If you have unused medication, you can take it to a pharmacy or other safe place instead of throwing it in the trash.
Gaw encourages all caregivers to keep the poison control number handy: (800) 222-1222.
He hopes his study will encourage providers to educate parents about the dangers of drugs. He also wants to see more widespread availability of naloxone, the opioid antidote, also known as Narcan. It is safe for children and can reverse an overdose.
In February, two independent advisory committees to the US Food and Drug Administration voted unanimously in favor of making naloxone nasal spray available over the counter to increase access. The FDA commissioner has taken these recommendations into consideration and may make a decision any day.

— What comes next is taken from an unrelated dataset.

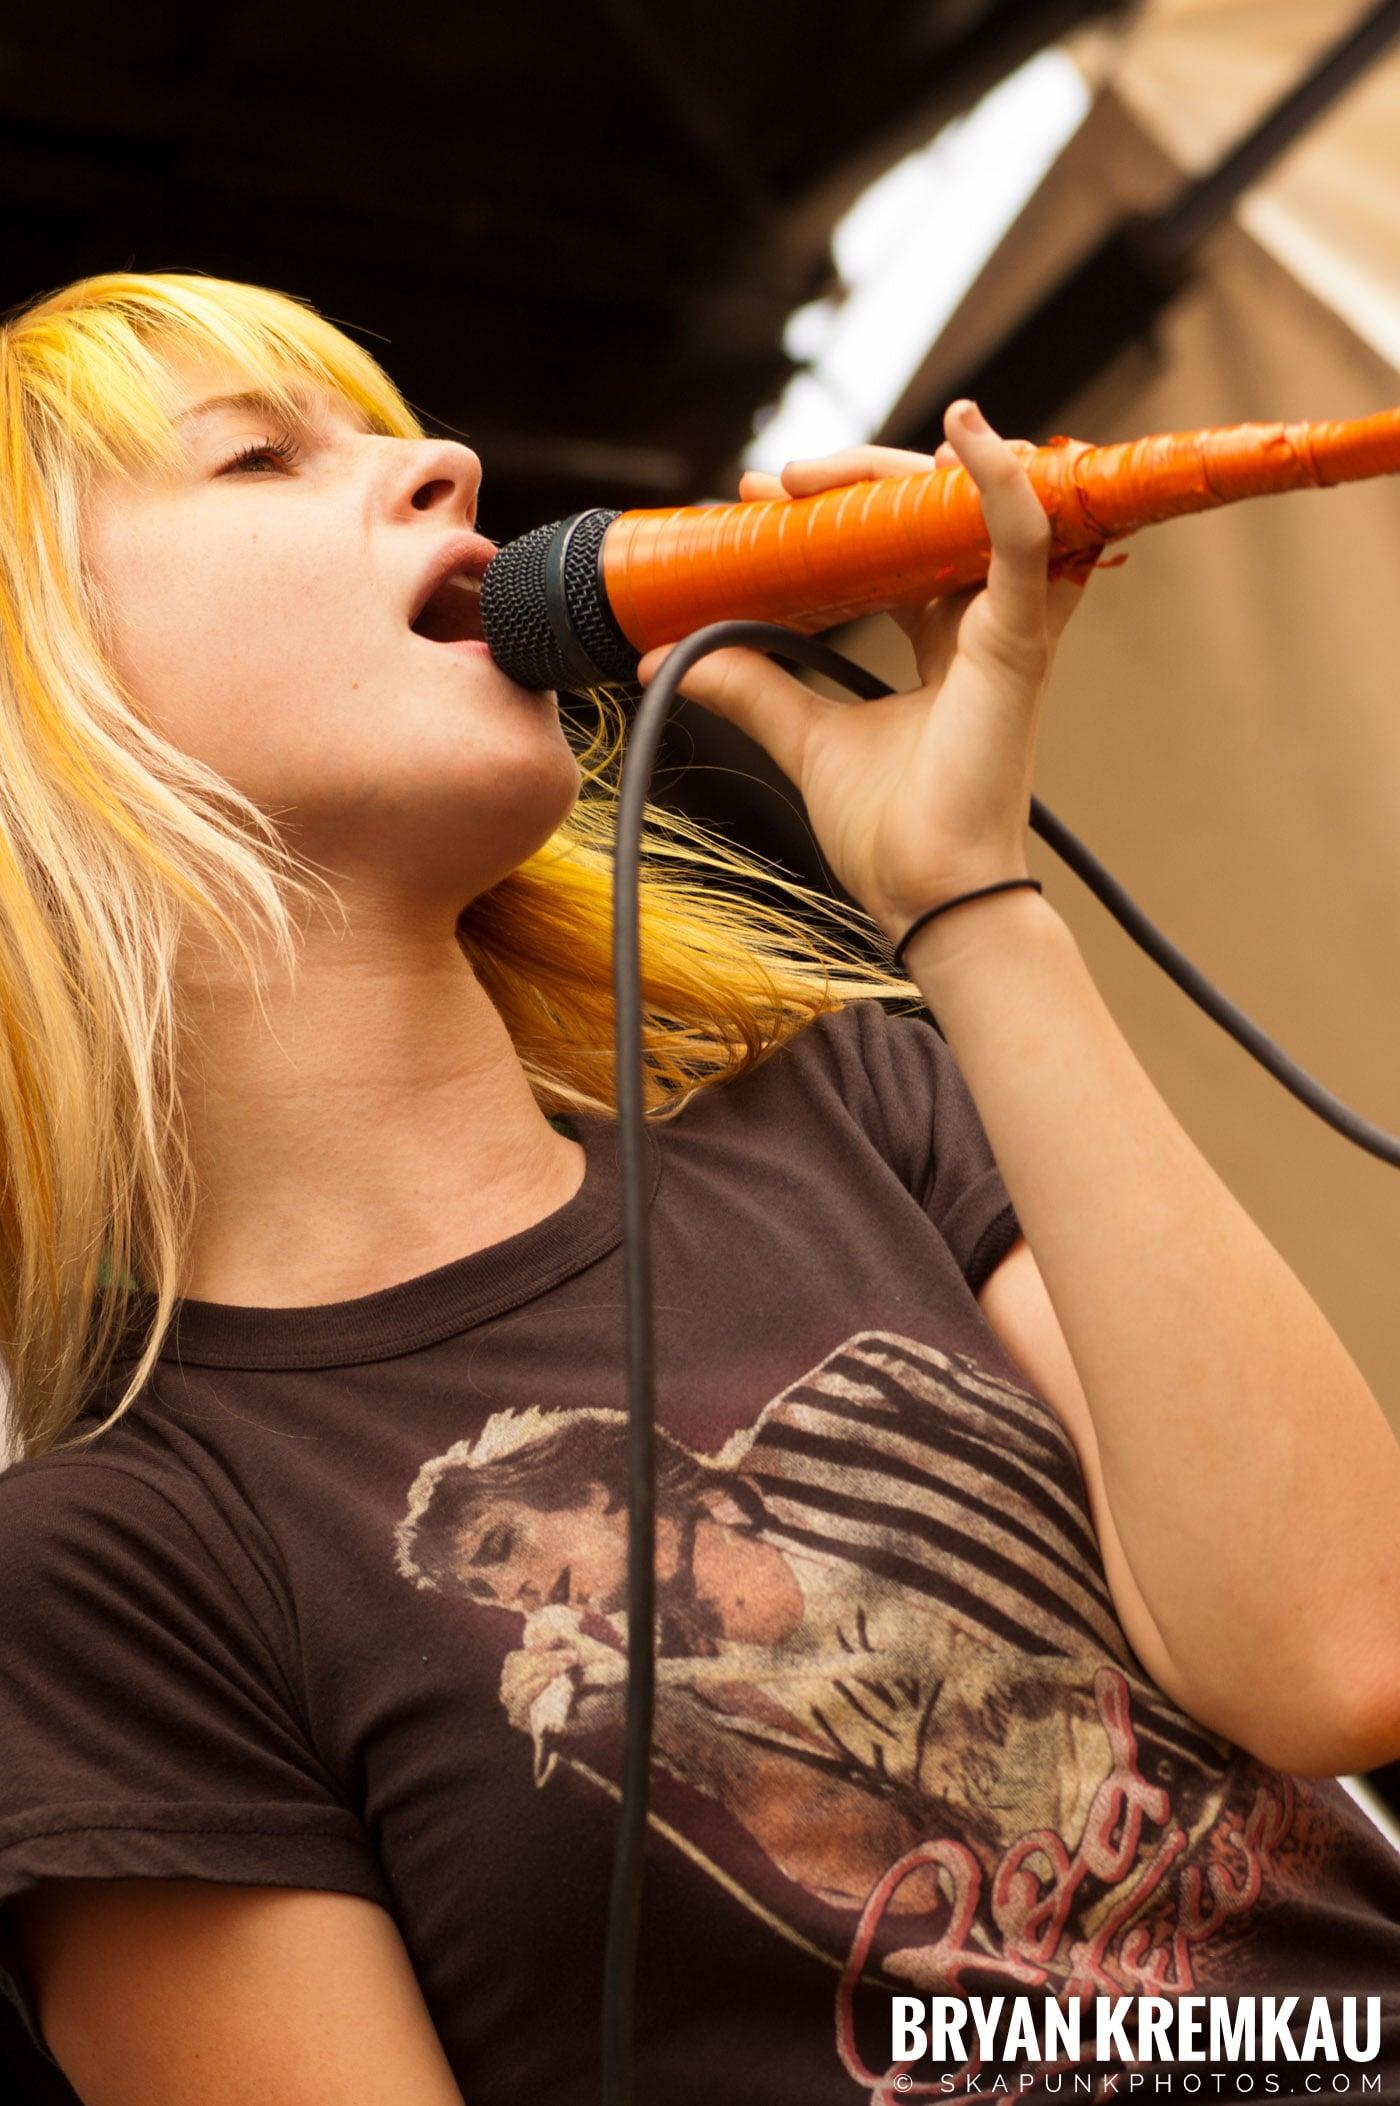 Paramore @ Warped Tour 2007, Scranton PA - 7.26.07 (4)

Gaw said it’s also important that health systems continue to find ways to limit the number of opioids in a young child’s environment. And if adults with substance use disorders get help, he says, the child will, too.
“It’s incredibly sad, but I think it’s important to really highlight because we don’t want children to be forgotten in this epidemic because they’re also at risk,” Gaw said. “Their danger is related to the larger world they are in.”